LAS VEGAS (AP) Not until the 18th tee did George McNeill finally show just how special a day he'd had, smiling and waving to the camera.
Minus fanfare or frills, the 32-year-old rookie won his first career PGA Tour title in commanding fashion Sunday, shooting a 5-under 67 for a 23-under 264 total and a four-stroke victory over D.J. Trahan in the Frys.com Open.
Now McNeill has something in common with Tiger Woods. In 1996, Woods also earned his first PGA Tour victory at this tournament.
"Any time you can be mentioned in the same sentence as him it's a good thing," McNeill said.
McNeill did it with his only bogey coming when he three-putted on the 18th green at TPC Summerlin with the crowd cheering and four scantily clad Las Vegas showgirls ready to offer their personal congratulations.
His trophy arrived from 5,000 feet above, carried by one of two hangliders who took part in the awards ceremony.
Only in Las Vegas.
"That whole saying about what (happens in Vegas) stays in Vegas, I hope my game travels," McNeill said, smiling. "I felt like I didn't do anything that special. It's nice to kind of buzz around and win by four and not feel like you're doing anything all that great."

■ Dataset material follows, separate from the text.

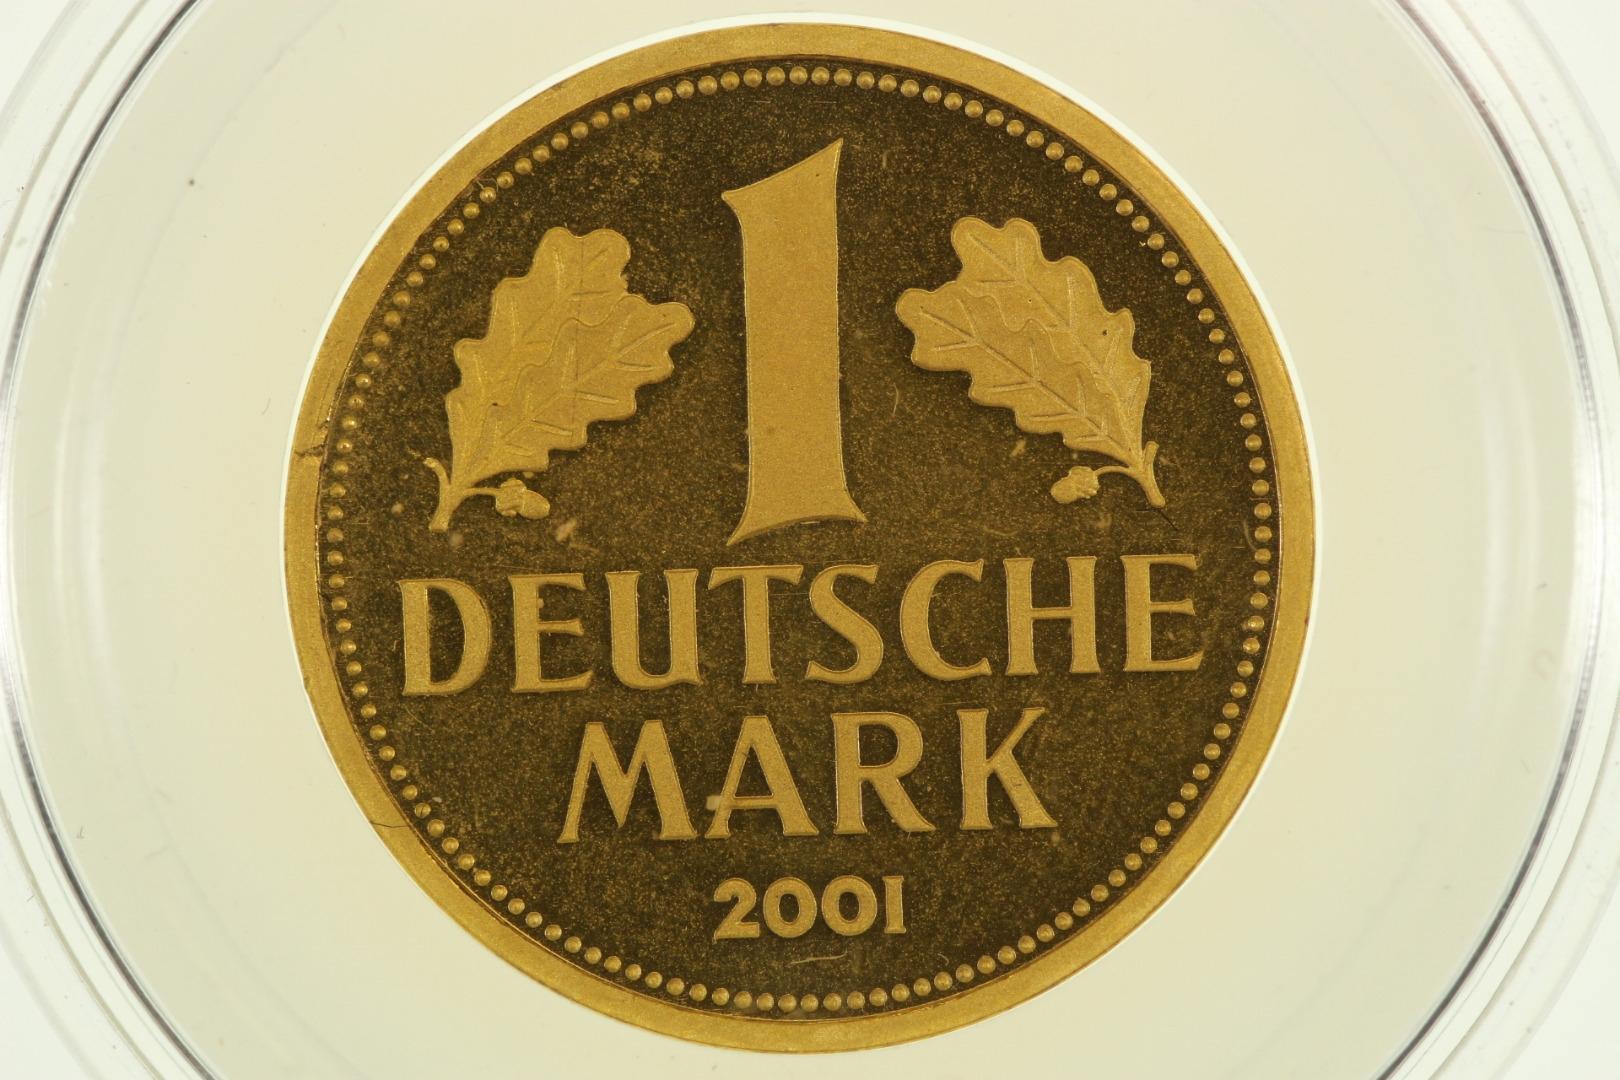 deutschland 1 dm gold m nze 2001 j stempelglanz bu. Black Bedroom Furniture Sets. Home Design Ideas

McNeill did it with small galleries following him, save for a big group of his Florida buddies who showed up to play on their own starting Monday. He did it by maintaining that same calm demeanor from the start, an even keel personality more resembling a veteran than a first-time winner.
McNeill earned the winning share of $720,000 on a beautiful, clear day in the desert after strong wind played a big factor in Saturday in a tournament that featured not one top-20 player in the field.
McNeill, who last December won Q-school by five strokes, was coming off rounds of 66, 64 and 67. He began his final round at 18 under and five strokes ahead, matching the largest lead on the tour this year heading into a final round.
He secured his tour card for the next two years. All that after a discouraging stretch earlier this year when he missed six cuts and withdrew from one event in an eight-tournament span.
"I was trying not to think about all that stuff when I was out there playing," McNeill said. "I don't get too emotional. I'm having fun with this. It hasn't sunk in. ... In a sense, I know I have a job for the next two years and it takes the pressure off."
After Trahan who shot a 66 birdied the first four holes and then No. 9 to pull within three strokes, McNeill made a 15-footer for birdie on No. 11 and also birdied 13 and 14. He sunk a 27 1/2-foot putt on the 156-yard 14th.
Robert Garrigus shot a 70 to tie for third with Cameron Beckman (68) at 15 under after Garrigus started the day in the top group and tied with Trahan for second.
Las Vegan Bob May, who led after the first day, tied for fifth with a 69 to finish at 14 under a nice showing for May considering he has dealt with back injuries for years now and is still on the comeback trail.
The 39-year-old May returned to the PGA Tour last year for the first time since 2003. He played 2006 on a major medical extension after not swinging a club for two-plus years because of his back.
After McNeill pulled his tee shot on No. 6 left and about a foot into a rocky and sandy desert area, he consulted a rules official about his options regarding the moveable obstruction.
He picked up a small rock just behind his ball, moved away a couple of others as well as a pine cone, then chipped onto the green for a chance at birdie and had to be happy just to save par.
Trahan, meanwhile, bogeyed after missing his par putt from 5 1/2 feet.
McNeill, who spent last year working in a golf shop before rediscovering his desire to compete, made only two birdies on the front nine but played his best golf over the final nine holes. He birdied four of his final eight holes.
Tournament chairman Gary Davis announced that Shriners Hospitals for Children is the new title sponsor, signing a five-year commitment to keep the tournament in Las Vegas through 2013. Its name: the Shriners Hospitals for Children Open. The format will change starting next year from a Pro-Am to an all-pro event for the four days of competition, with a celebrity Pro-Am to take place Wednesday. All rounds will be played on the Summerlin course after groups split between it and nearby TPC The Canyons for the first two days.
The Shriners who also hope this will bring their hospitals more recognition are pledging $6 million to run the event each year, while also seeking other sponsors to help.
"The PGA Tour is her in Las Vegas to stay," said Davis, determined to find a way to bring in more big names. "Everybody agreed it needs to stay in Las Vegas. That's the first step toward major sports in Southern Nevada."
The tournament will remain in October for now, but organizers hope to eventually move to the spring. Davis said the purse would stay at $4 million.